1. O Superior Tribunal de Justiça, em matéria ambiental, repele a aplicação retroativa das disposições do Novo Código Florestal, por entender que deve ser adotado o princípio tempus regit actum, que impõe obediência à lei em vigor quando da ocorrência do fato. Precedentes.
2. Caso em que, nos autos de ação civil pública que impôs a obrigação de instituir, demarcar, recompor e averbar a reserva legal nos termos da Lei nº 4.771/65, a Corte estadual proveu agravo de instrumento dos executados, ora agravantes, para determinar o cumprimento de sentença na forma do novo diploma (Lei n. 12.651/2012), em descompasso com a orientação jurisprudencial firmada nesta Corte Superior.

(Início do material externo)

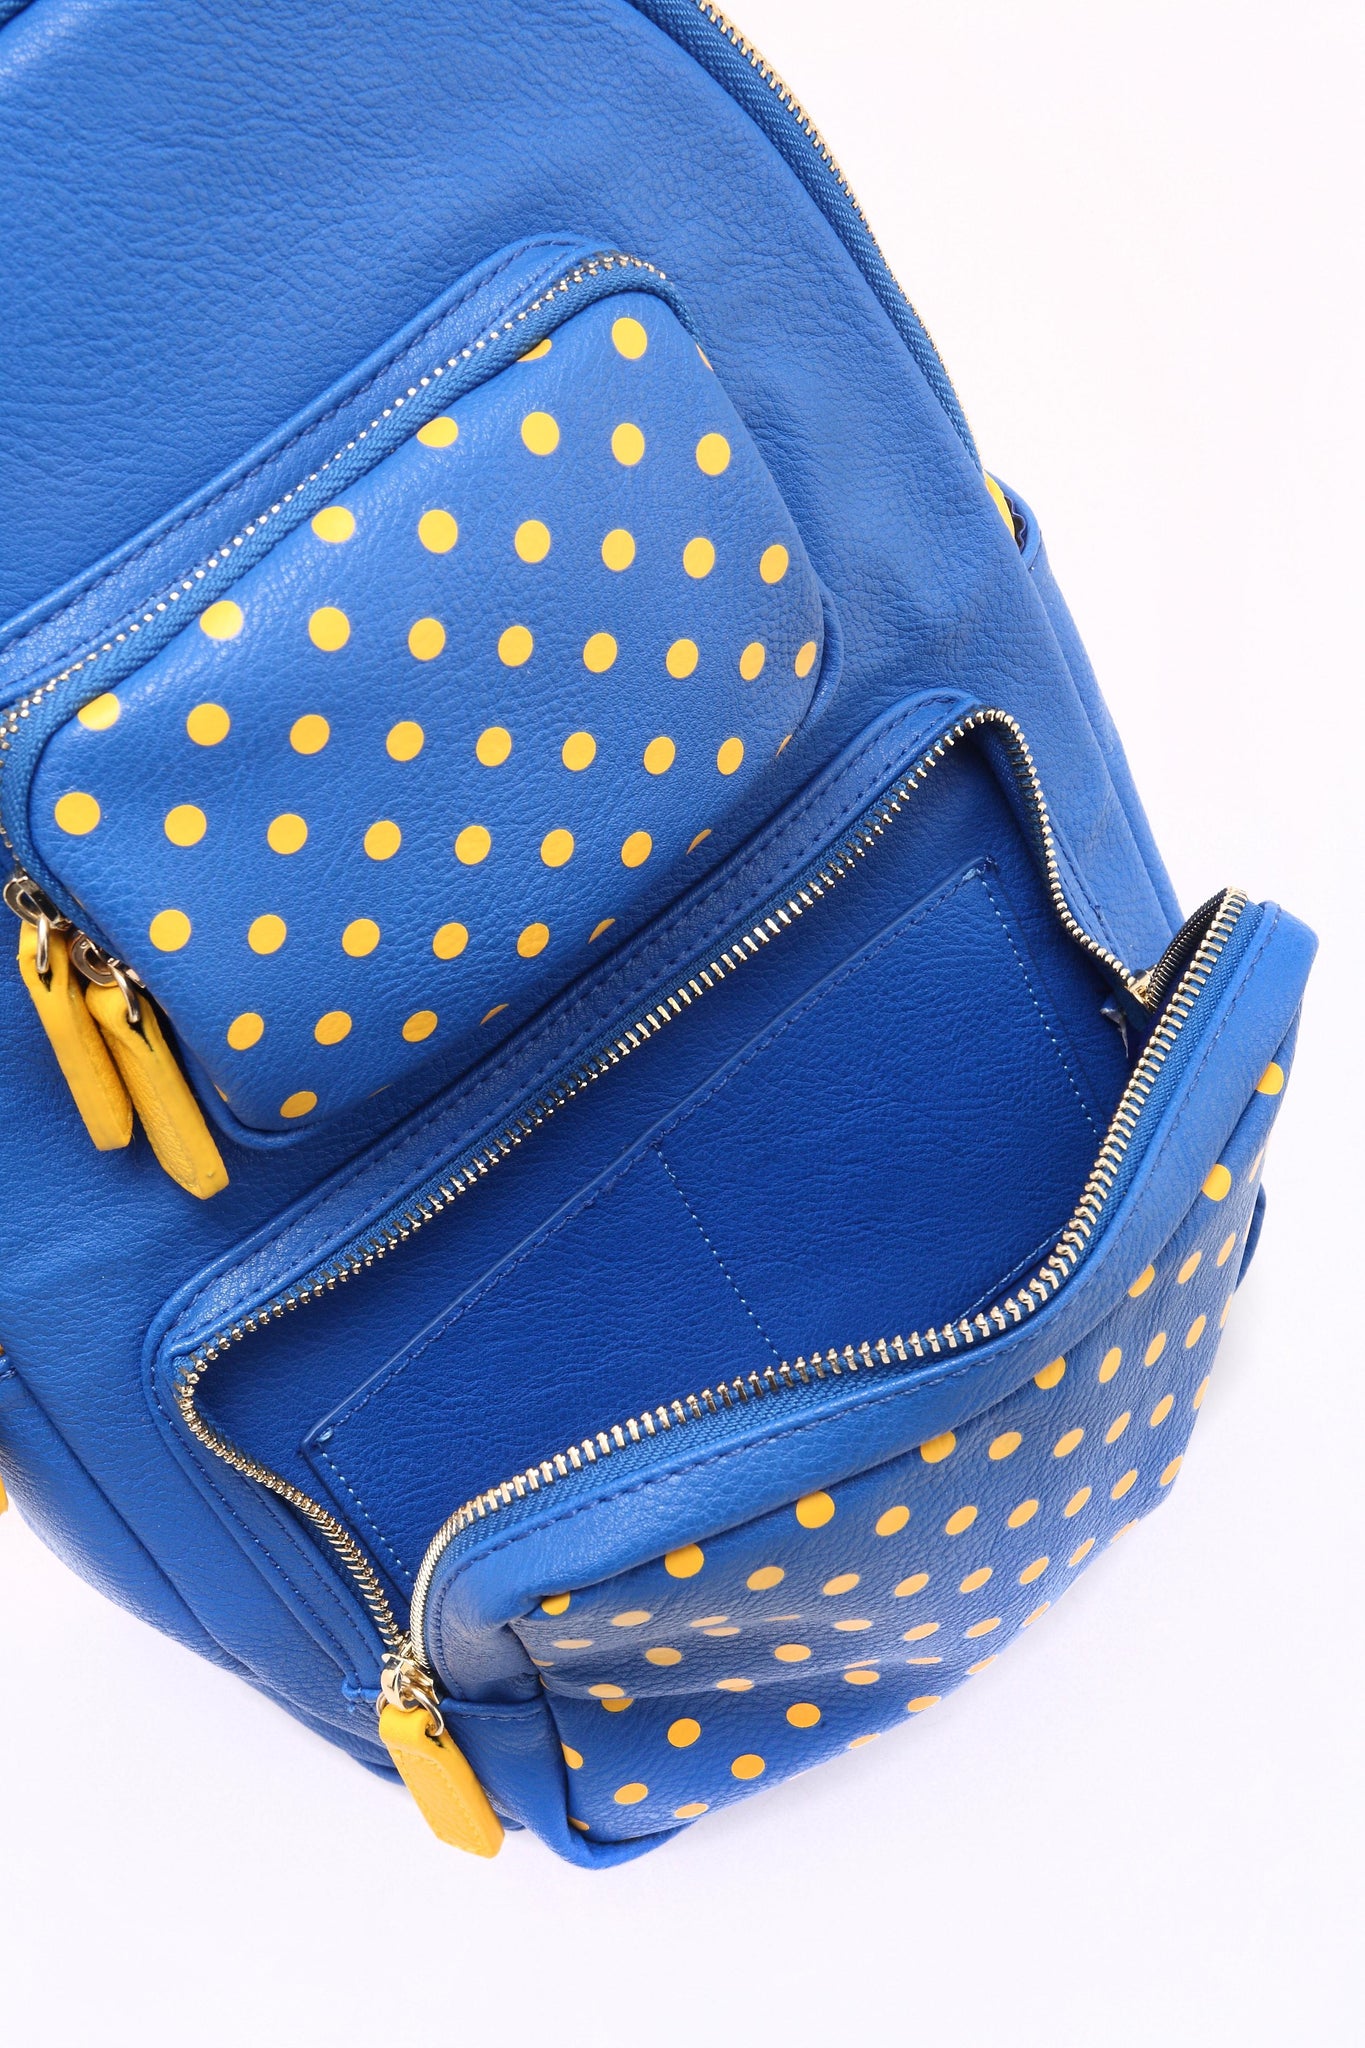 SCORE! The Official Game Day Bag SCORE! Natalie Michelle Medium Polka Dot Designer  Backpack - Red and

3. Segundo orientação desta Corte, "não há violação da Súmula Vinculante n. 10 do STF e, por conseguinte, do art. 97 da CF/88, quando a Corte, sem declarar a inconstitucionalidade da norma e sem afastá-la sob fundamento de contrariedade à Constituição Federal, limita-se a interpretar e aplicar a legislação infraconstitucional ao caso concreto." (EDcl no REsp 1381191/SP, rel. Ministro OG FERNANDES, SEGUNDA TURMA, julgado em 15/08/2017, DJe 21/08/2017).
4. A Primeira Turma do STJ compreende que a declaração de constitucionalidade de vários dispositivos do novo Código Florestal (Lei n. 12.651/2012) pelo Supremo Tribunal Federal, no julgamento das ADIs 4.901, 4.902 e 4.903 e da ADC 42 (DJE 13/08/2019), não inibe a análise da aplicação temporal do texto legal vigente no plano infraconstitucional, tarefa conferida ao Superior Tribunal de Justiça (REsp 1.646.193/SP, rel. Ministro NAPOLEÃO NUNES MAIA FILHO, rel. p/ acórdão Ministro GURGEL DE FARIA, julgado em 12/05/2020, DJe 04/06/2020).
5. Agravo interno desprovido.” (pp. 1-2, documento eletrônico 77).
No recurso extraordinário, fundado no art. 102, III, a, da Constituição Federal, alegou-se, em suma, violação dos arts. 5°, caput, II, e XXXVI; 97; 105, III, a e c; e 225, da mesma Carta.
É o relatório. Decido.
A pretensão recursal não merece acolhida.
Primeiramente, o Tribunal de origem, ao analisar o caso concreto, não declarou a inconstitucionalidade de norma legal ou afastou sua aplicação sem observância do art. 97 da Constituição, visto que apenas interpretou a legislação infraconstitucional aplicável à espécie.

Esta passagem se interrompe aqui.